# how to approach a BS in a bad marriage.



## badbane (Jun 9, 2012)

I have got this guy at work. I really don't like him per say. Just has a bad attitude. I just don't like seeing someone ripped up by infidelity. I had heard he was on the fence and decided to divorce his wife. That was sometime ago. Now i find out that he is still married to his wife. He told a third party about how his wife basically said she wants an open marriage and he is going to have to choose that or leave. He is still in the marriage but because of the guys nature I just don't know how to bring it up or point him to this site.


----------



## LoveAtDaisys (Jul 3, 2013)

I'd drop an anonymous note on his desk:

"Hey, I heard about your troubles. This site was really helpful to me when I was going through a tough time, it might help you too. Good luck."


----------



## MattMatt (May 19, 2012)

LoveAtDaisys said:


> I'd drop an anonymous note on his desk:
> 
> "Hey, I heard about your troubles. This site was really helpful to me when I was going through a tough time, it might help you too. Good luck."

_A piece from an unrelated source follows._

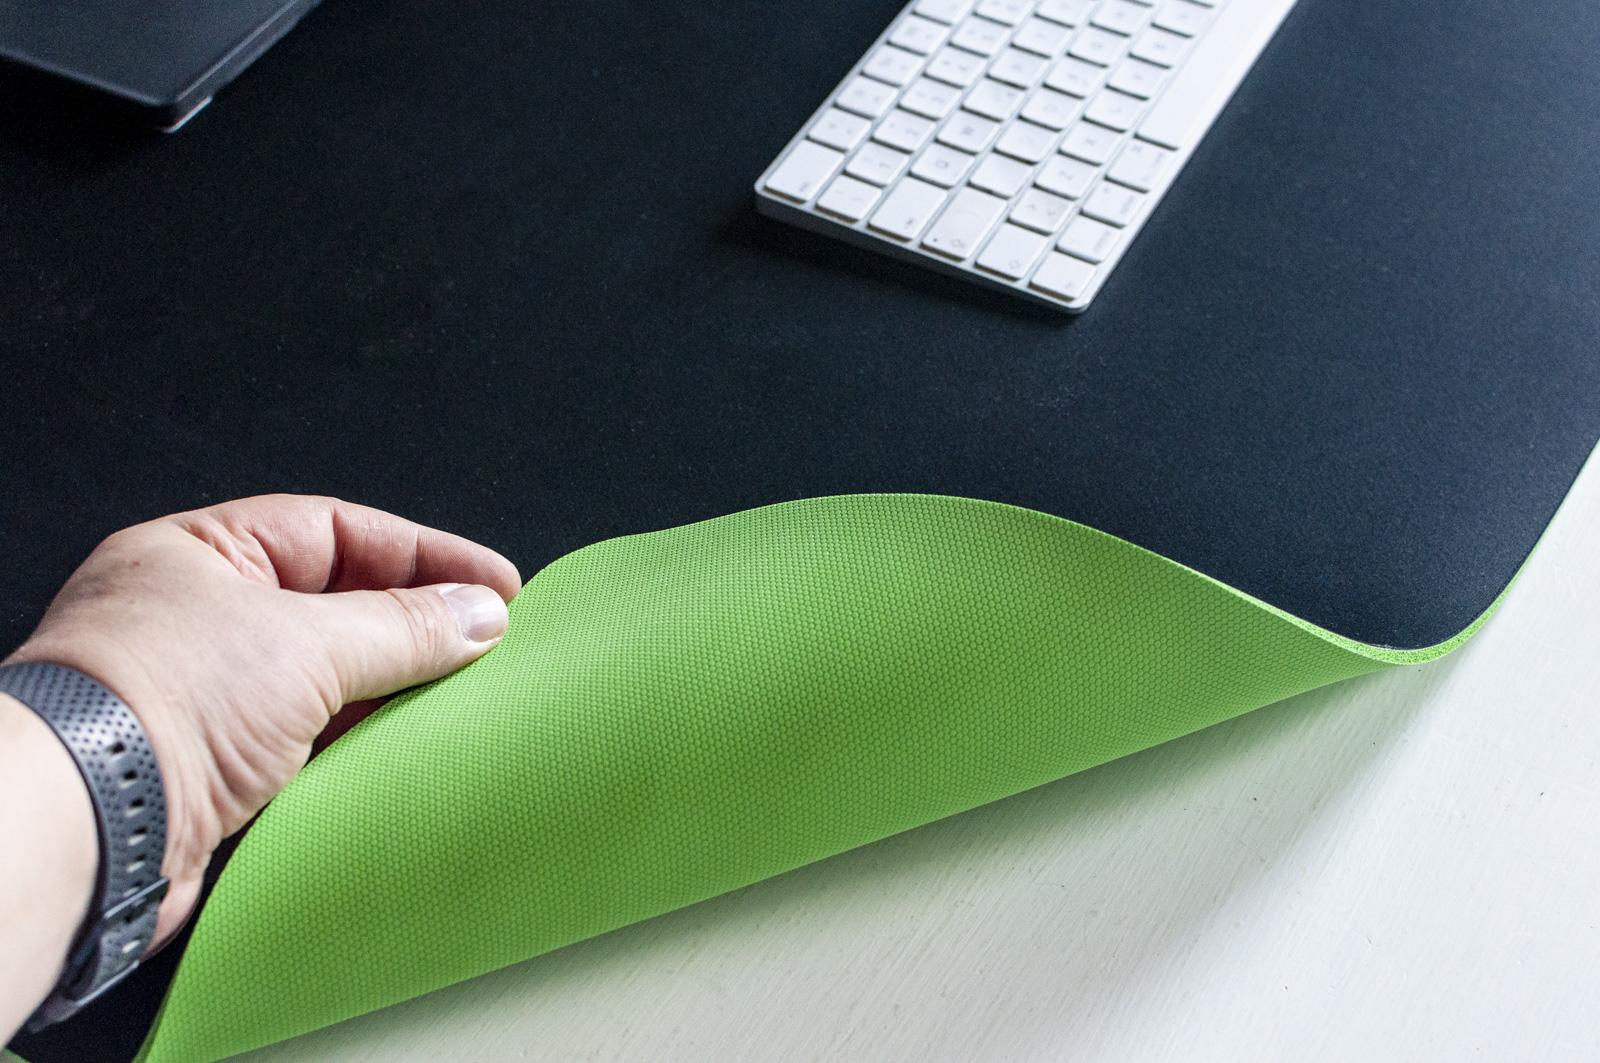 Recensione Razer Gigantus V2, il tappetino per mouse come non l'avete mai visto

He might be lying for sympathy?

His wife might have found him stepping out on her.

He has a bad attitude?
_Posted via Mobile Device_


----------



## LoveAtDaisys (Jul 3, 2013)

Either way, let him post his tale here.  He'll get the help he needs!


----------



## Pit-of-my-stomach (Nov 2, 2010)

NOTE ON DESK.....

I really dont like you per say. You have a bad attitude. I just don't like seeing someone ripped up by infidelity. I've been there. Do yourself a favor.

Coping with Infidelity

Best wishes


----------



## life101 (Nov 18, 2012)

Be careful, messengers have an uncanny habit of getting shot at.


----------



## badbane (Jun 9, 2012)

I work in IT so I think I might engineer something.


----------



## The Middleman (Apr 30, 2012)

badbane said:


> his wife basically said she wants an open marriage and he is going to have to choose that or leave. He is still in the marriage but because of the guys nature I just don't know how to bring it up or point him to this site.

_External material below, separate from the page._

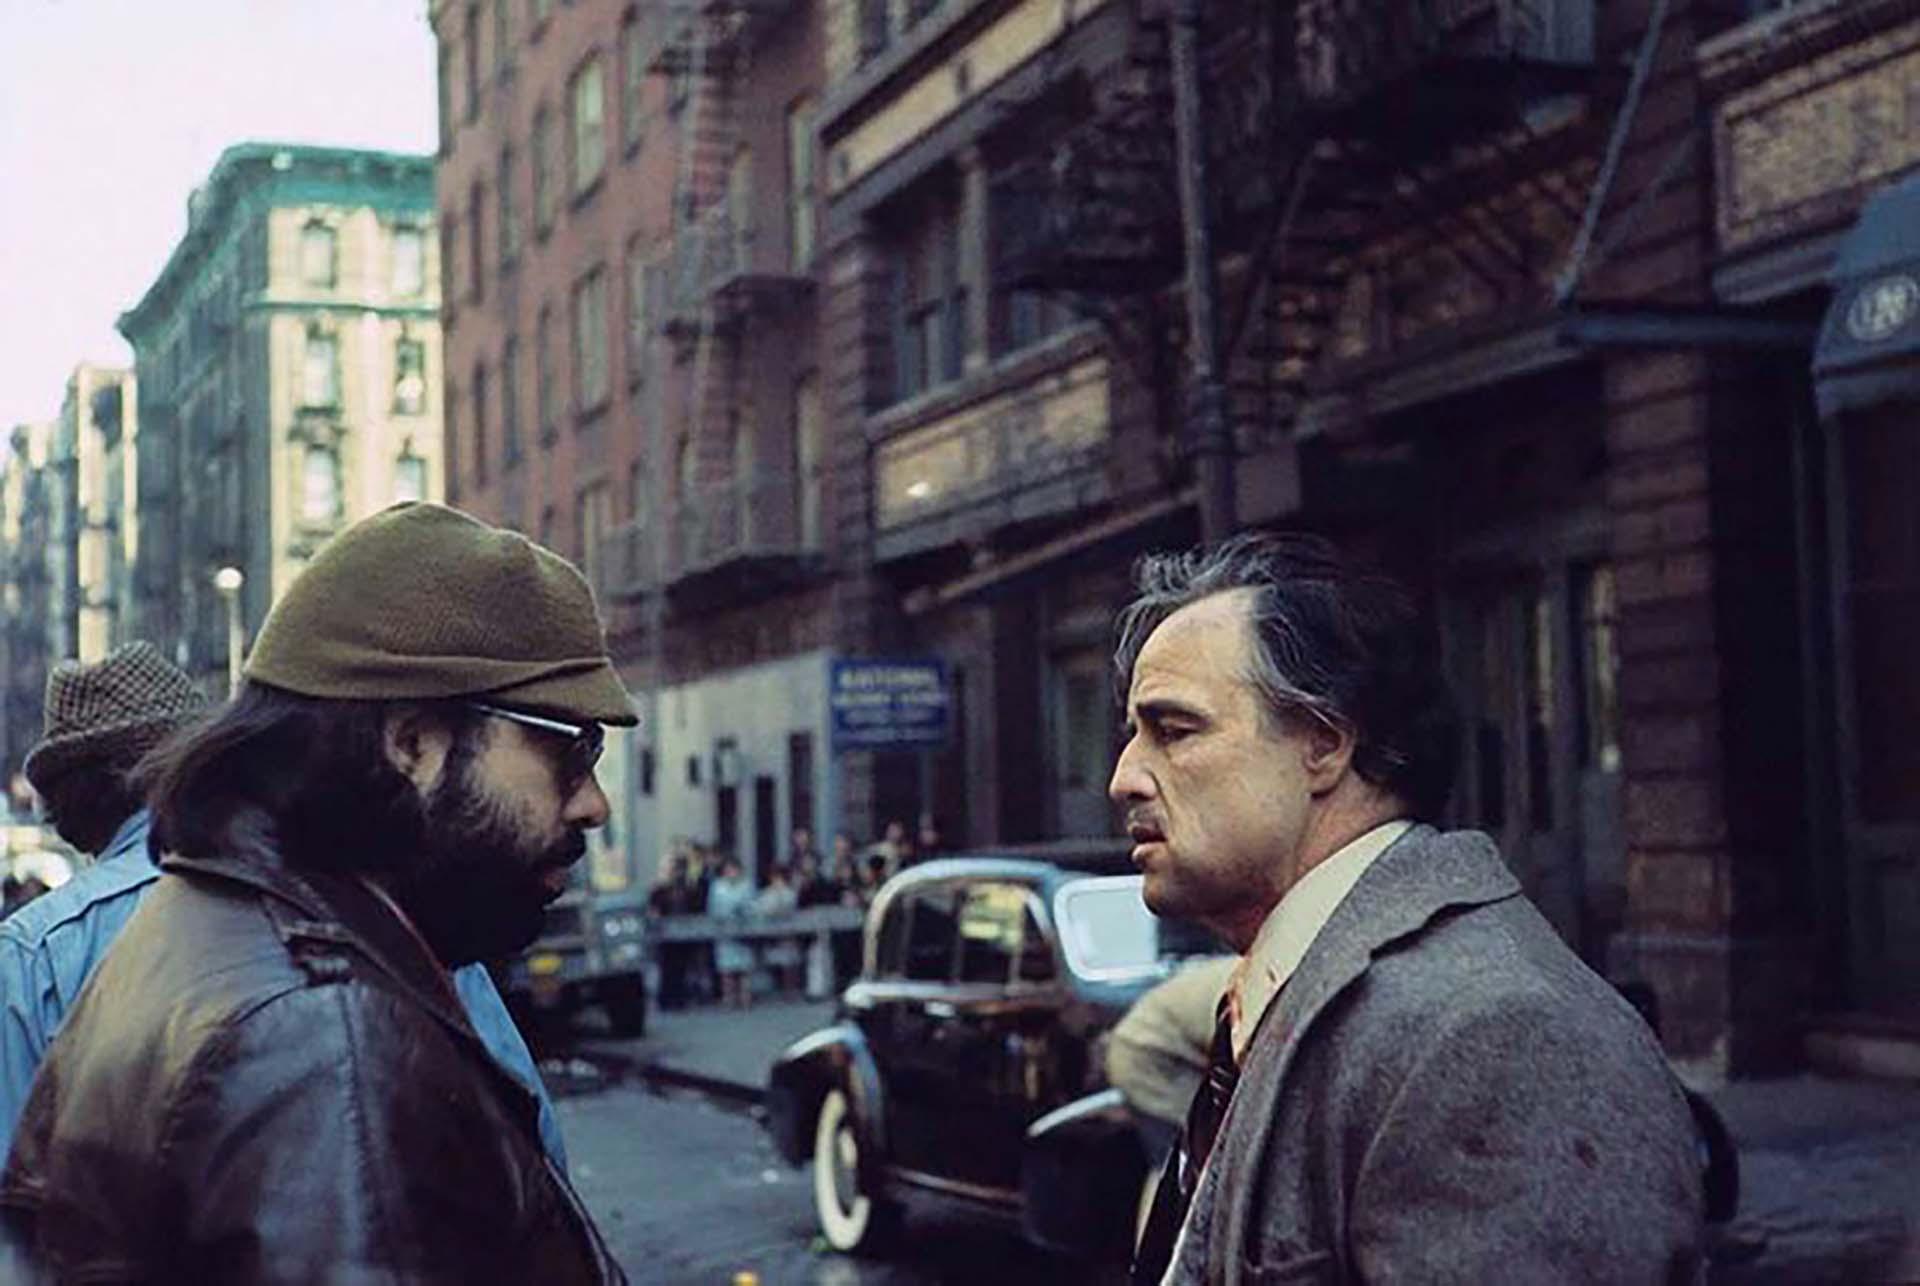 Marlon Brando consiguió el rol gracias al cineasta. En el estudio Paramount querían que Vito Corleone sea Laurence Olivier, pero Coppola convenció a todos para que él sea el protagonista de la película

If he is still in the marriage after his wife essentially says "I need to boink other guys", how is TAM going to help him? Sounds like he won't help himself. Combine that with a "questionable personality/attitude" it sounds like he will get our advice and ignore it .... like so many others.


----------



## MattMatt (May 19, 2012)

The Middleman said:


> If he is still in the marriage after his wife essentially says "I need to boink other guys", how is TAM going to help him? Sounds like he won't help himself. Combine that with a "questionable personality/attitude" it sounds like he will get our advice and ignore it .... like so many others.

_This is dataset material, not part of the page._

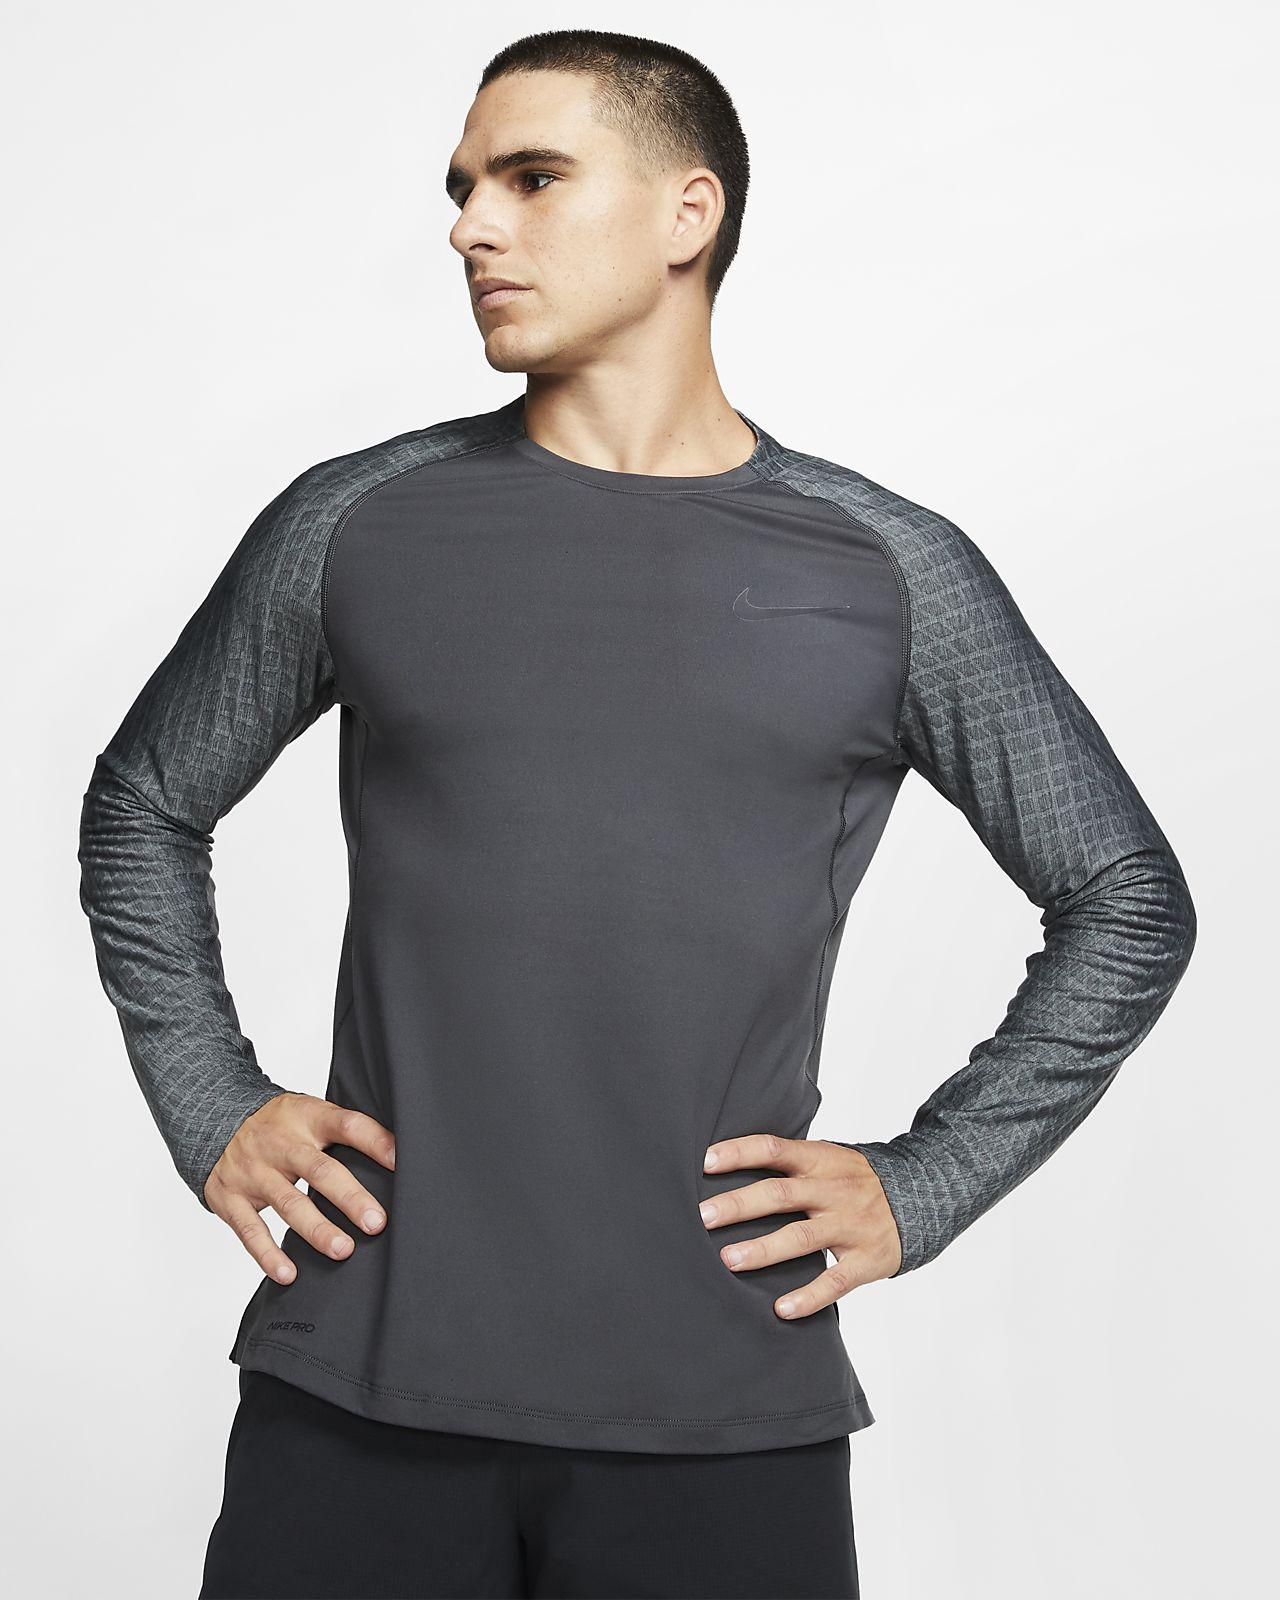 Camisola de treino de manga comprida Nike Pro para homem

Let's reverse engineer this?

Man with bad attitude 'asks' wife to swing. Wife swings, finds out she likes it.

The only reason I raise this possibility is that we had a real POS neighbour who had a real bad attitude. He forced his wife to swing. (Well, it was that or a beating, afterwards.)

When she finally plucked up the courage to leave him he told everyone at work such a sob story.


----------



## hopefulgirl (Feb 12, 2013)

Dangerous territory when you're getting this info third hand: hard to know what's true about his situation. Unless HE told you any of this, you don't know how much of the story got altered in being passed on. You could be triggering at the "unfairness" of it all; while your instinct to help a possible fellow BS is admirable and coming from a place of good intentions, you can't be sure that a BS situation is what is going on here. If he hasn't confided in you about his story, it might be best to avoid giving advice or resources of any kind in case they are not appropriate to his situation. You know what hell is paved with....


----------